Confirmed case of TB reported (Wednesday, July 29, 2009)
Follow-up on confirmed case of TB (Tuesday, August 18, 2009)
MANHATTAN -- Health officials have confirmed that a Kansas State University student has been identified and diagnosed with infectious pulmonary -- lung -- Tuberculosis Disease. The student is responding to treatment and a full recovery is expected.
K-State officials are working with the Kansas Department of Health and Environment and involved health departments to identify and evaluate individuals who may have had significant close contact with this student.
"K-State officials are fully cooperating with public health efforts and following best practice guidelines to effectively address this investigation," said Phil Griffin, TB Controller at the Kansas Department of Health and Environment.
"A contact investigation has already begun," said Dr. Robert Tackett, medical director of Lafene Student Health Center. "People who need to be evaluated will be contacted by local health officials. Recommended testing will be free of charge and consists of a skin test on the arm. In addition, some evaluations include blood tests, chest X-rays and/or sputum collections."

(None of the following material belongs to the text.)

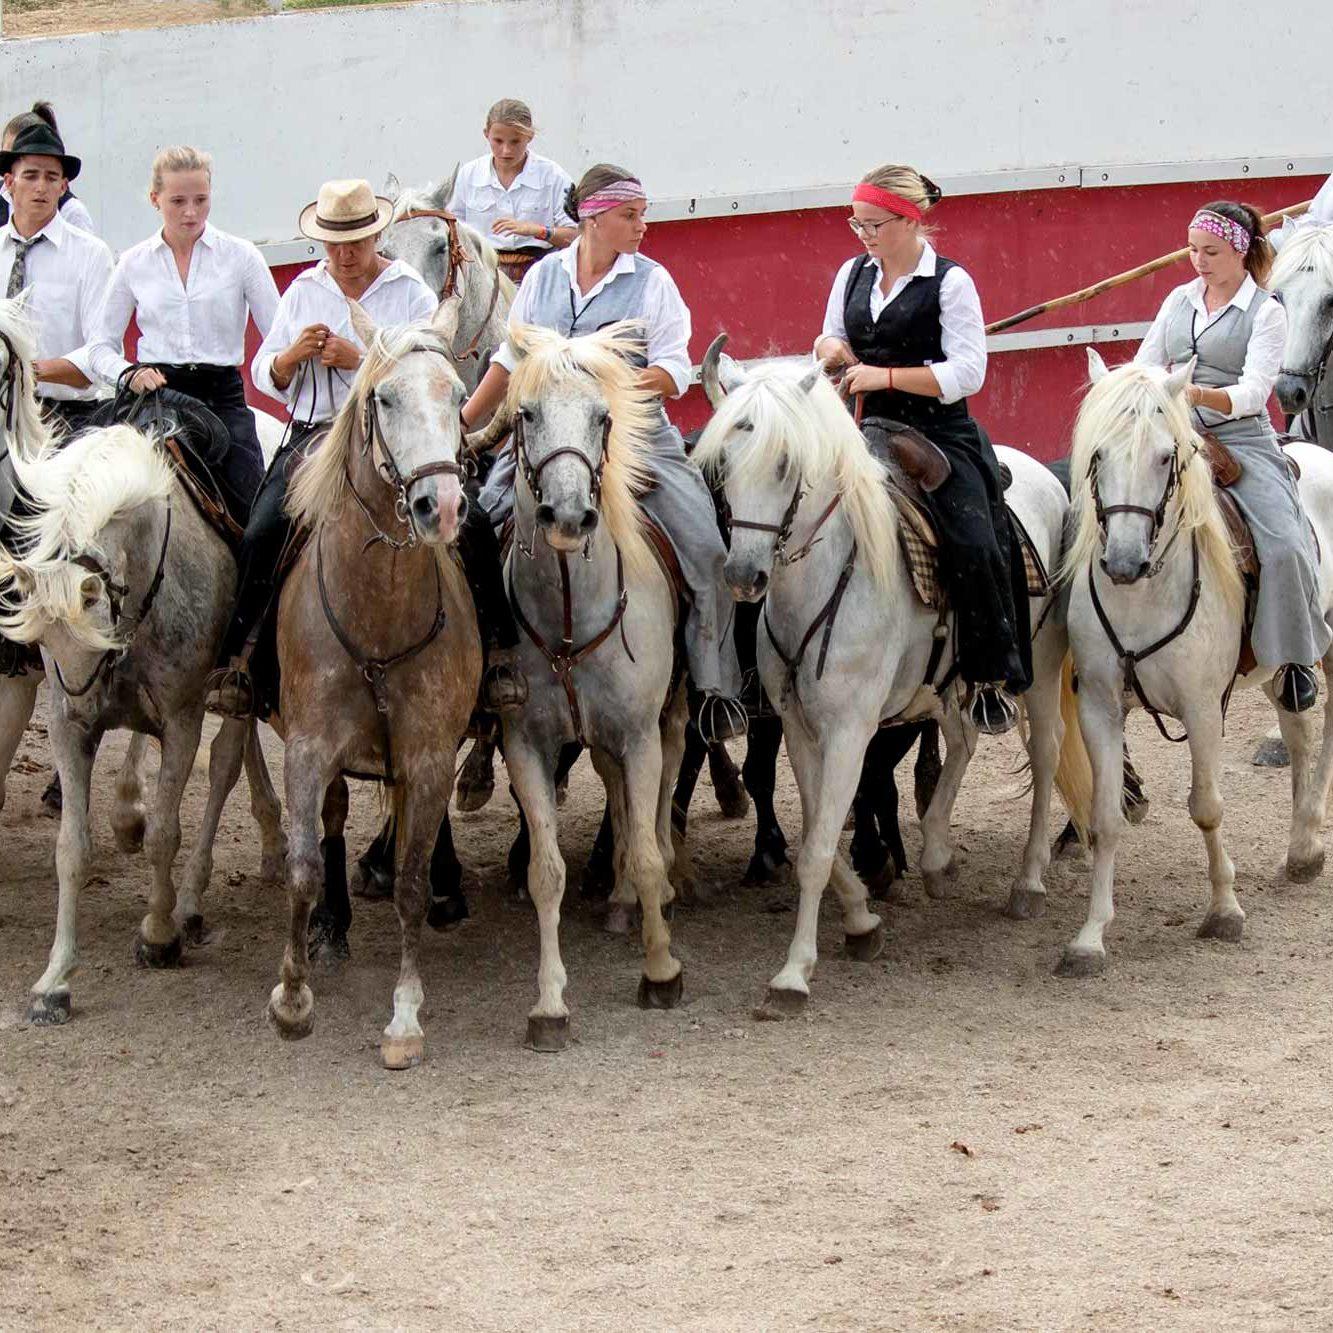 domaine-fangouse-manade-elevage-taureaux-chevaux-camargue-location-salle-mariage-evenements-caleche-lattes-perols-montpellier-mauguio-occitanie-bouches-rhone-visuel-1

TB is spread through the air by coughing, laughing, singing and sneezing. The only way to develop a tuberculosis infection is by prolonged close contact: several hours a day over several days, in a small confined area and in very close proximity to a person who has active disease, Tackett said. TB cannot be spread by contact with someone's clothing, or eating utensils. Only 5-10 percent of people who are infected with TB and have a normal immune system will ever develop TB disease in their lifetime, Tackett said. Of those who develop disease, it develops at the earliest, months after exposure. However, people with HIV infection or other disorders of the immune system are at much greater risk of developing disease: a 5-10 percent chance per year.
Symptoms of TB Disease include a cough that persists longer than three weeks, unexplained weight loss, night sweats, chills, fever, coughing up blood, fatigue, and/or blood in the urine. TB can be treated and cured with appropriate medications.

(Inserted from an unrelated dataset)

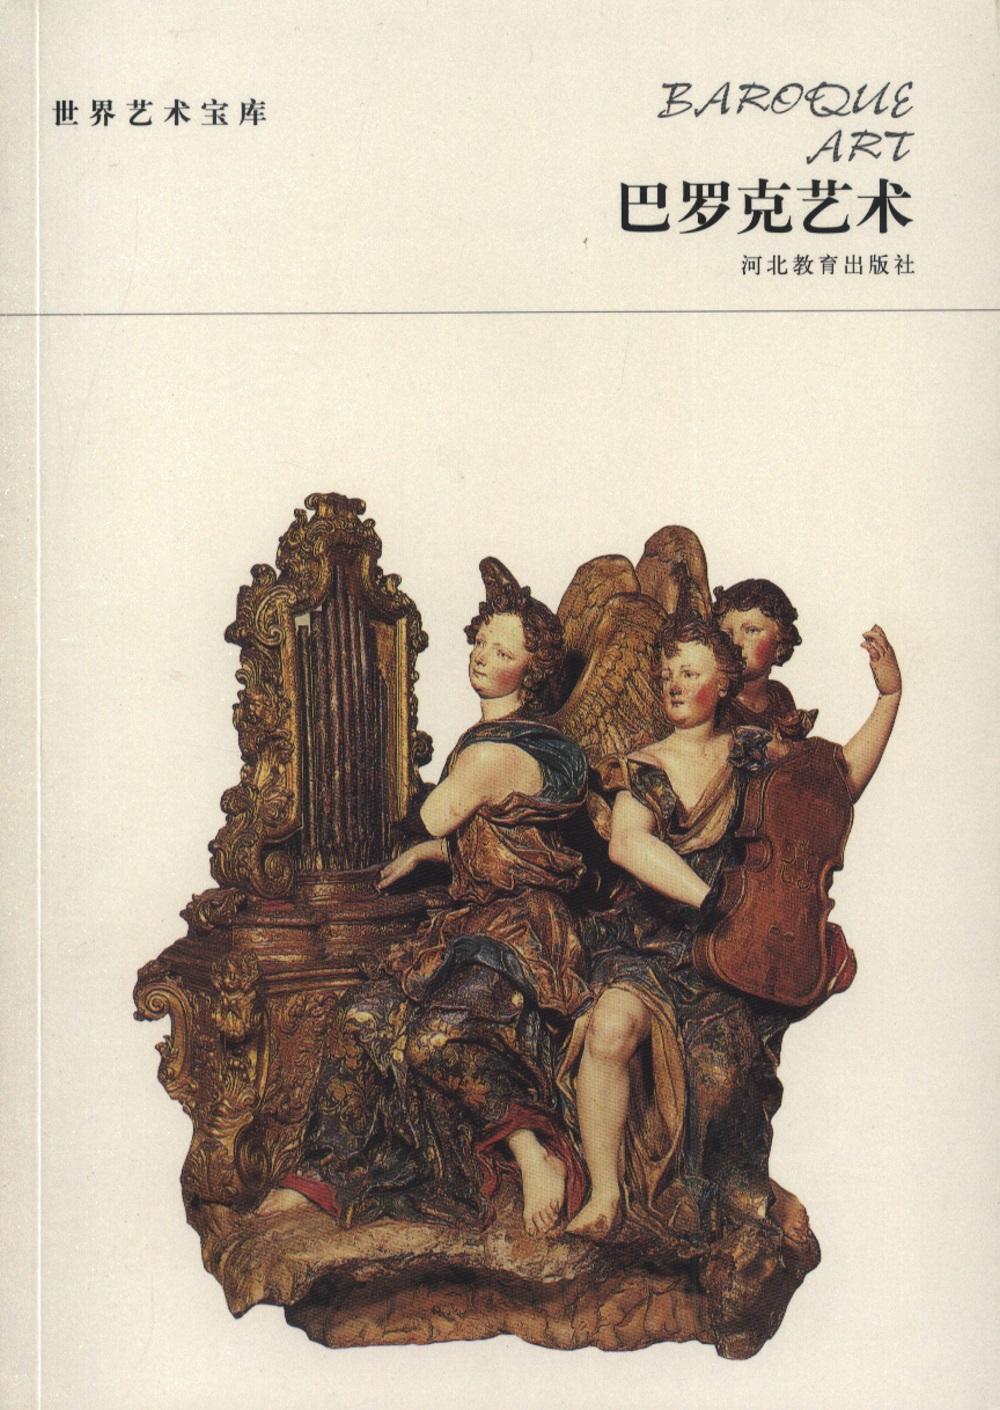 世界藝術寶庫:巴羅克藝術

MANHATTAN -- Health officials at Kansas State University have contacted and are testing close acquaintances of a student recently diagnosed with active tuberculosis.
"Only those who have had extended close contact in confined spaces while the student was infectious are considered at risk for exposure," said Dr. Robert Tackett, medical director of K-State's Lafene Health Center. "Transmission of tuberculosis from person to person in the general population in the United States is rare."

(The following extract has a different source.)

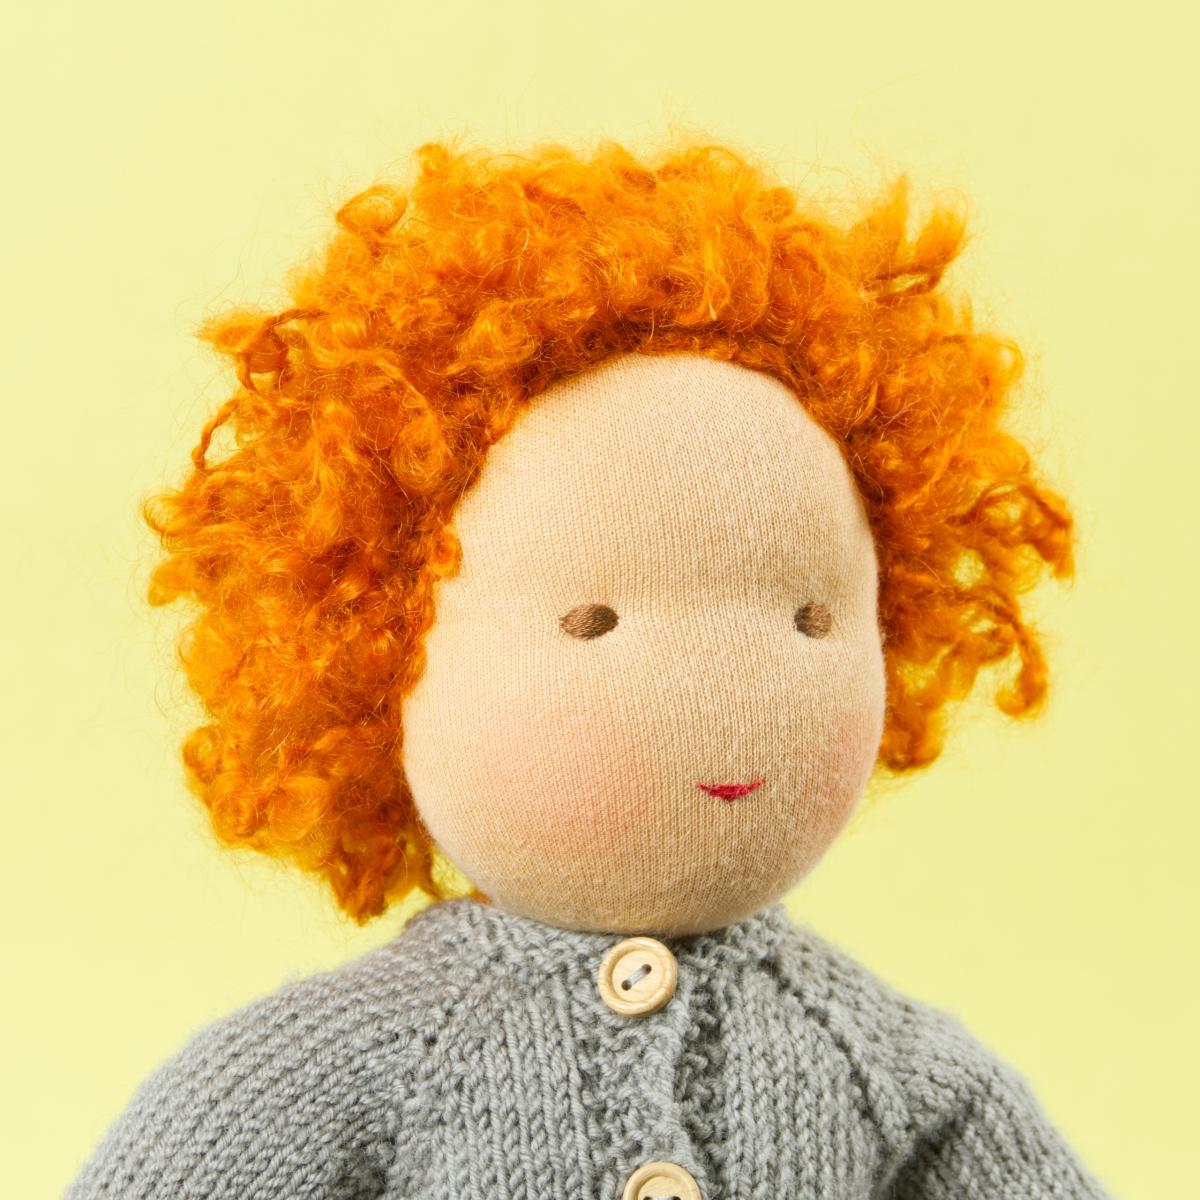 Puppe mit hellem Hautton nach Waldorf-Art, kurze rote Haare, gekleidet in grauen Strickanzug

People who have not been contacted need not worry about having been exposed, he said.
According to the Centers for Disease Control, tuberculosis is spread through the air by coughing, laughing, singing and sneezing. The only way to develop an infection is through prolonged close contact: several hours a day over several days, in a small confined area and in very close proximity to a person who has active disease, Tackett said. Tuberculosis cannot be spread by contact with someone's clothing or eating utensils. Only 5 percent to 10 percent of people who are infected with tuberculosis and have normal immune systems will ever develop tuberculosis disease in their lifetime. In those who develop disease, it happens several months to years after exposure.
The student with tuberculosis disease is doing well and will recover fully. K-State health officials are working with the Riley County Health Department and the Kansas Department of Health And Environment to closely monitor the situation.